A Lock-Free... Linear Search?

Why yes. In this post, I’ll present a C++ class which maps integer keys to integer values. Both its SetItem and GetItem methods are thread-safe and lock-free. The catch is that both operations are implemented using a linear search.

As you might suspect, this class is not very efficient for large collections. Obviously, I won’t recommend using it in practice – at least not for storing more than a few items. But I think it’s worth studying anyway, as it provides a nice context in which to discuss several lock-free programming concepts. As a bonus, once you grasp how this class works, you’ll be ready to tackle a basic lock-free hash table.

The class, which I’ve imaginatively named ArrayOfItems, contains an ordinary array of key/value pairs.
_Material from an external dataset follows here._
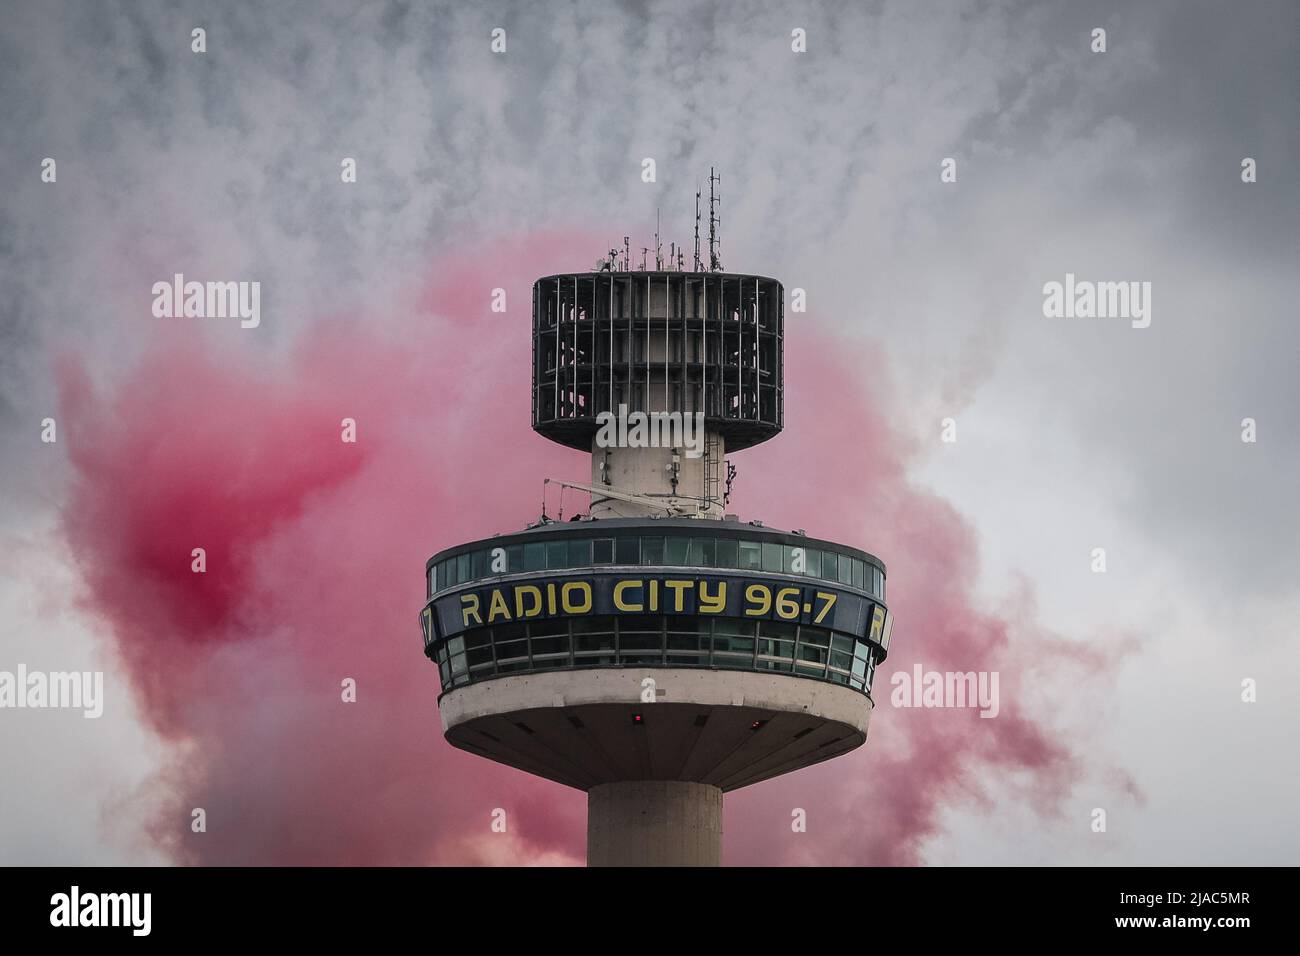 The Radio City 96.7 lets off fireworks and flares as the Liverpool FC squad celebrate during the open top bus parade through the city after winning both the Carabao Cup and the FA Cup in the 2021/22 season Stock Photo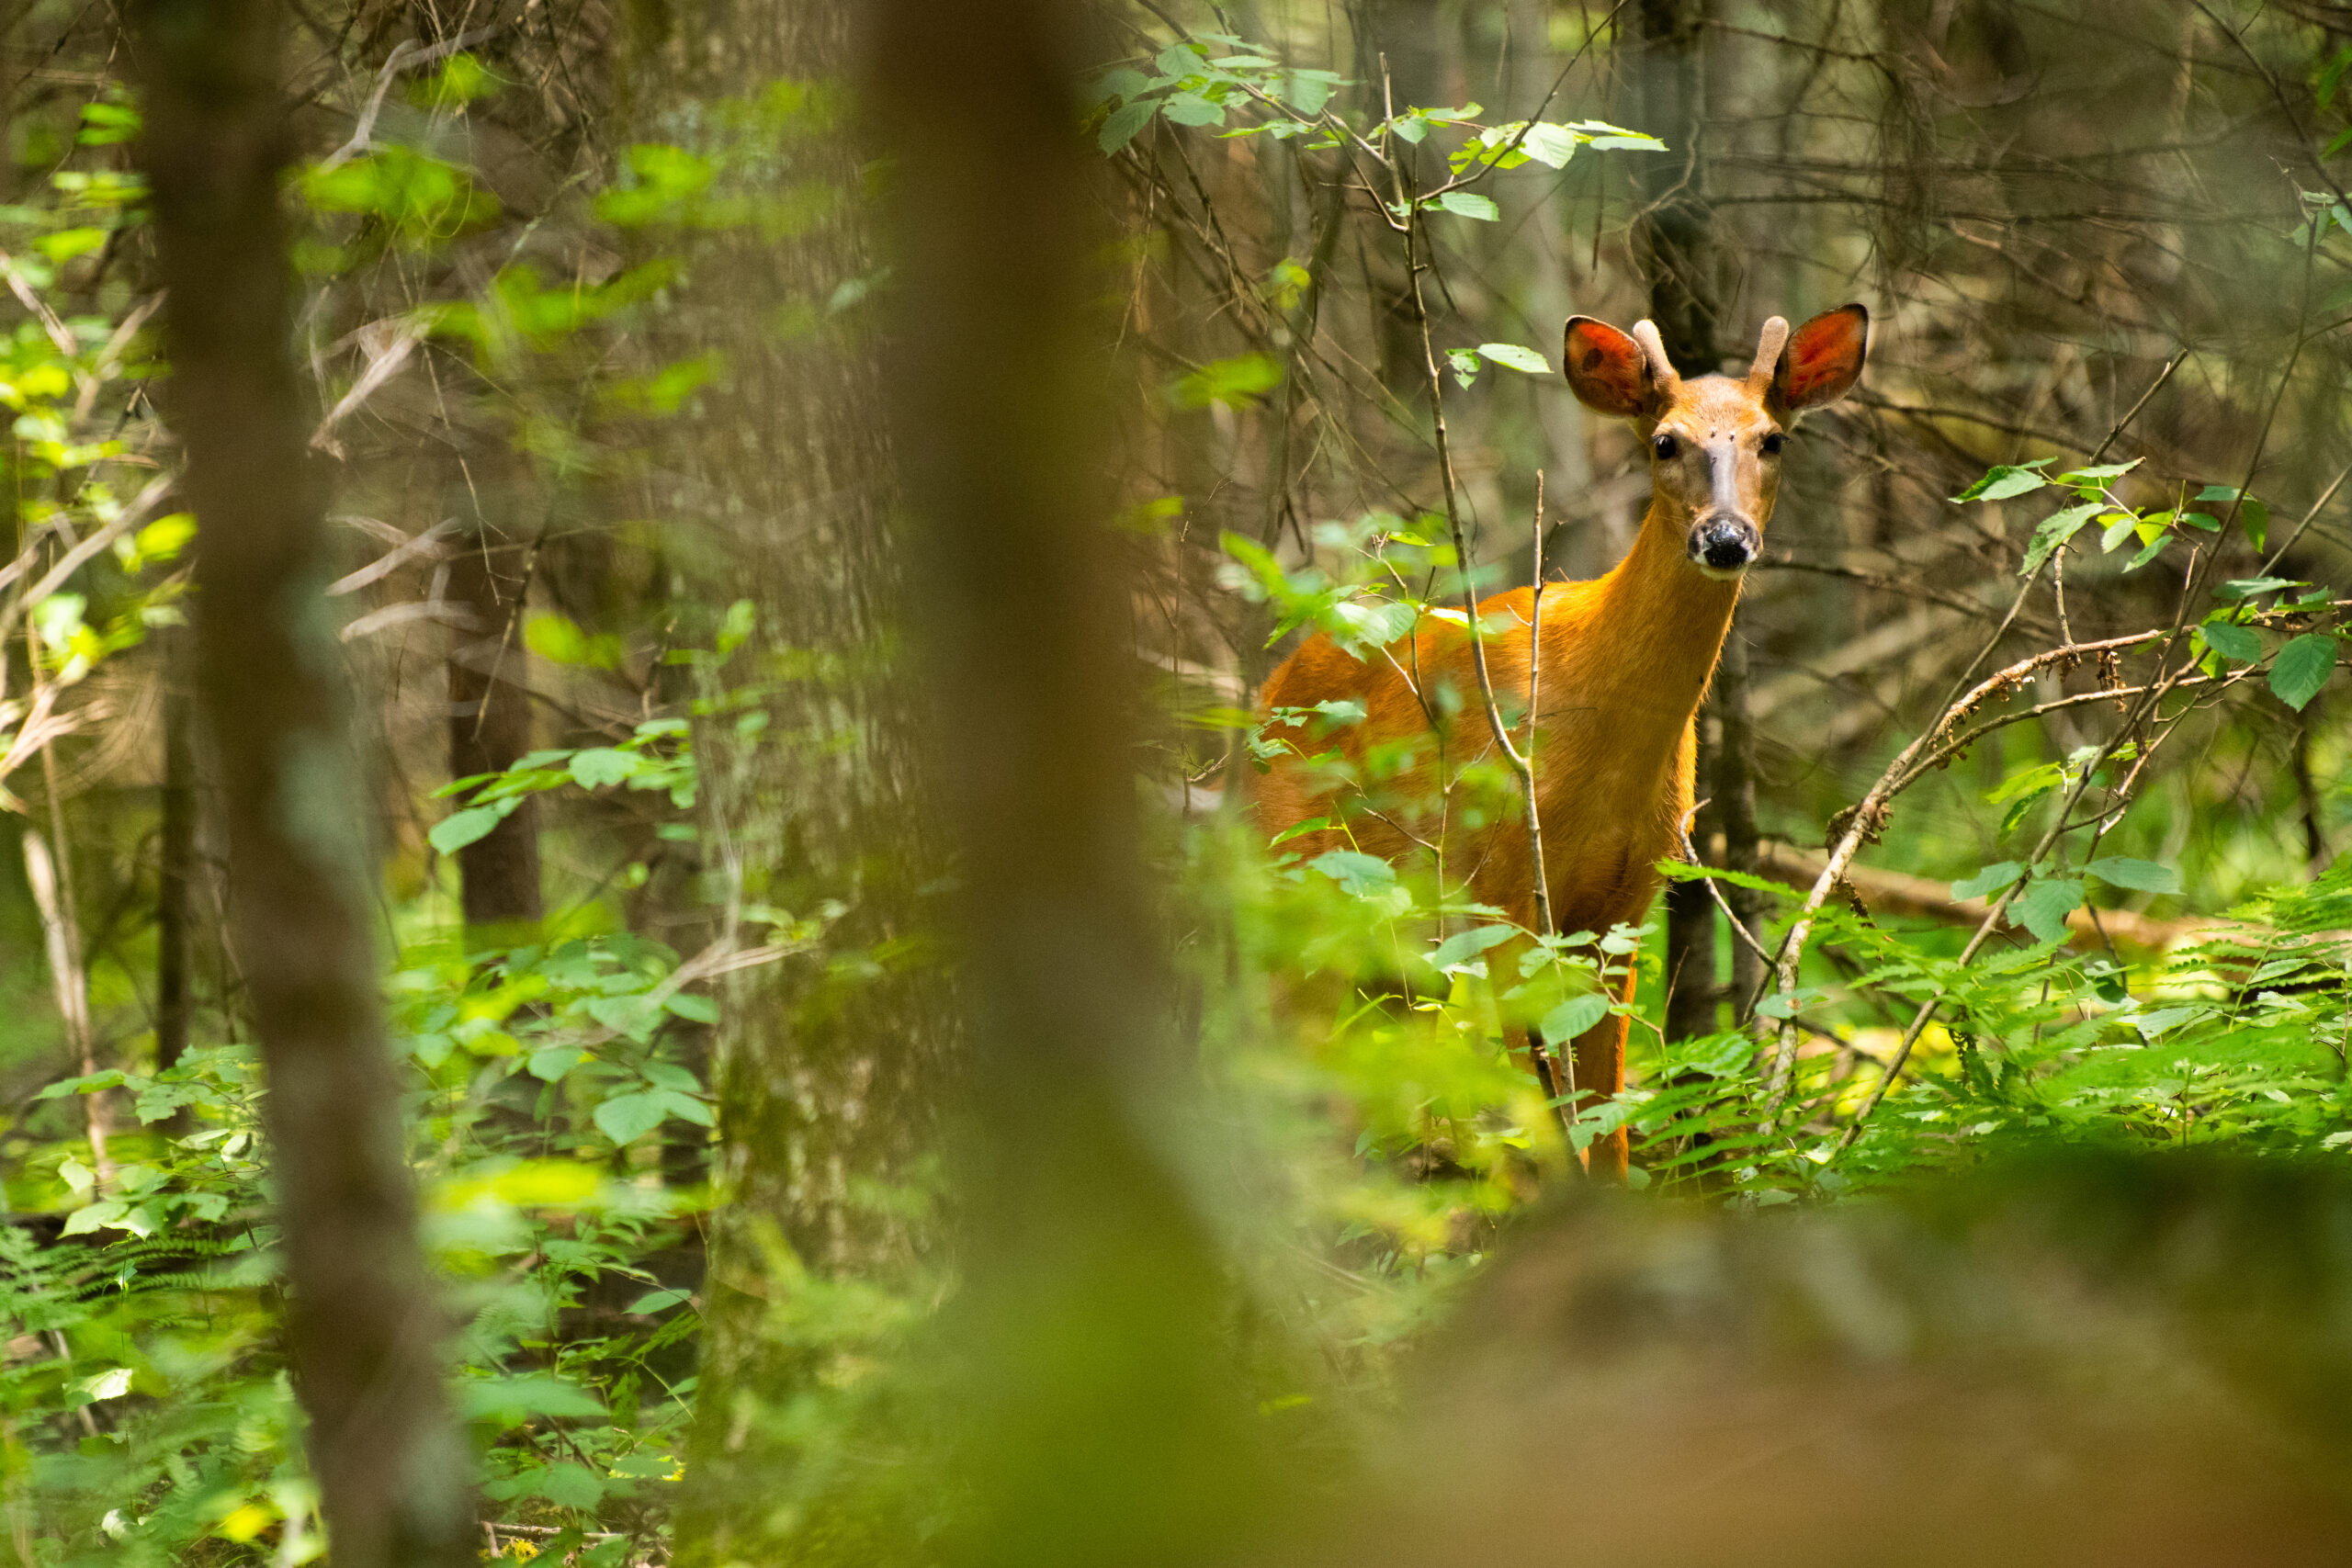 A young buck just starting to grow antlers peeks out from a lush green forest in Pelican River

The array is preallocated to a size sufficiently large to hold all the items we’re going to store. We declare both fields as mint_atomic32_t, since we’re going to manipulate them using Mintomic, a portable library for low-level lock-free programming which I released earlier this month.

struct Entry
{
    mint_atomic32_t key;
    mint_atomic32_t value;
};
Entry *m_entries;

An entry is considered unused if its key is 0, and initially, the array is all zeros. We forbid 0 from being stored as an actual key or value. Since new keys are added after a linear search, the array fills from left to right. And as mentioned already, we intend to call SetItem and GetItem from multiple threads in parallel.

You’d think this would be complicated, but here’s some lock-free C++ code which implements SetItem:

void ArrayOfItems::SetItem(uint32_t key, uint32_t value)
{
    for (uint32_t idx = 0;; idx++)
    {
        uint32_t prevKey = mint_compare_exchange_strong_32_relaxed(&m_entries[idx].key, 0, key);
        if ((prevKey == 0) || (prevKey == key))
        {
            mint_store_32_relaxed(&m_entries[idx].value, value);
            return;
        }
    }
}

This code is strikingly similar to what you would do in the single-threaded case: Scan through the entire array, one-at-a-time, and store the new key in the first entry whose existing key is 0. If that succeeds – or if the key is already found – store the new value in the same entry, and Bob’s your uncle.

There are several considerations making this code correct, thread-safe and lock-free. Let’s look at atomicity, then the role of the read-modify-write operation, then at memory ordering.

Atomicity

Atomic operations guarantee that no thread will ever read a partially-updated value from shared memory, even when two threads manipulate the same variable from different CPU cores simultaneously. In SetItem, even the store uses an atomic library function: mint_store_32_relaxed. It may seem silly to wrap the store in a function named mint_store_32_relaxed, since we know that on all modern CPUs, a plain, natively-aligned 32-bit assignment is already atomic. But in Mintomic, it’s good practice to code as though all memory operations are non-atomic unless they use an atomic library function. (Indeed, in the C++11 atomic library standard, it’s required to code this way.) For example, if these were 64-bit integers, a plain assignment on x86 would most definitely not be atomic.

Read-Modify-Write

Another consideration is the use of mint_compare_exchange_strong_32_relaxed in SetItem. Many readers will recognize this function as a compare-and-swap, which is often refered to as CAS for short. This is a more elaborate kind of atomic operation; one which reads, modifies and writes (RMW) all in one indivisible step. The first argument is the address of the shared integer; the second argument is the value we expect to find in that address; and the third argument is the new value we’d like to store if the expected value is found. The CAS returns the previous value stored at that address, which is sort of like getting a report card back telling us what happened.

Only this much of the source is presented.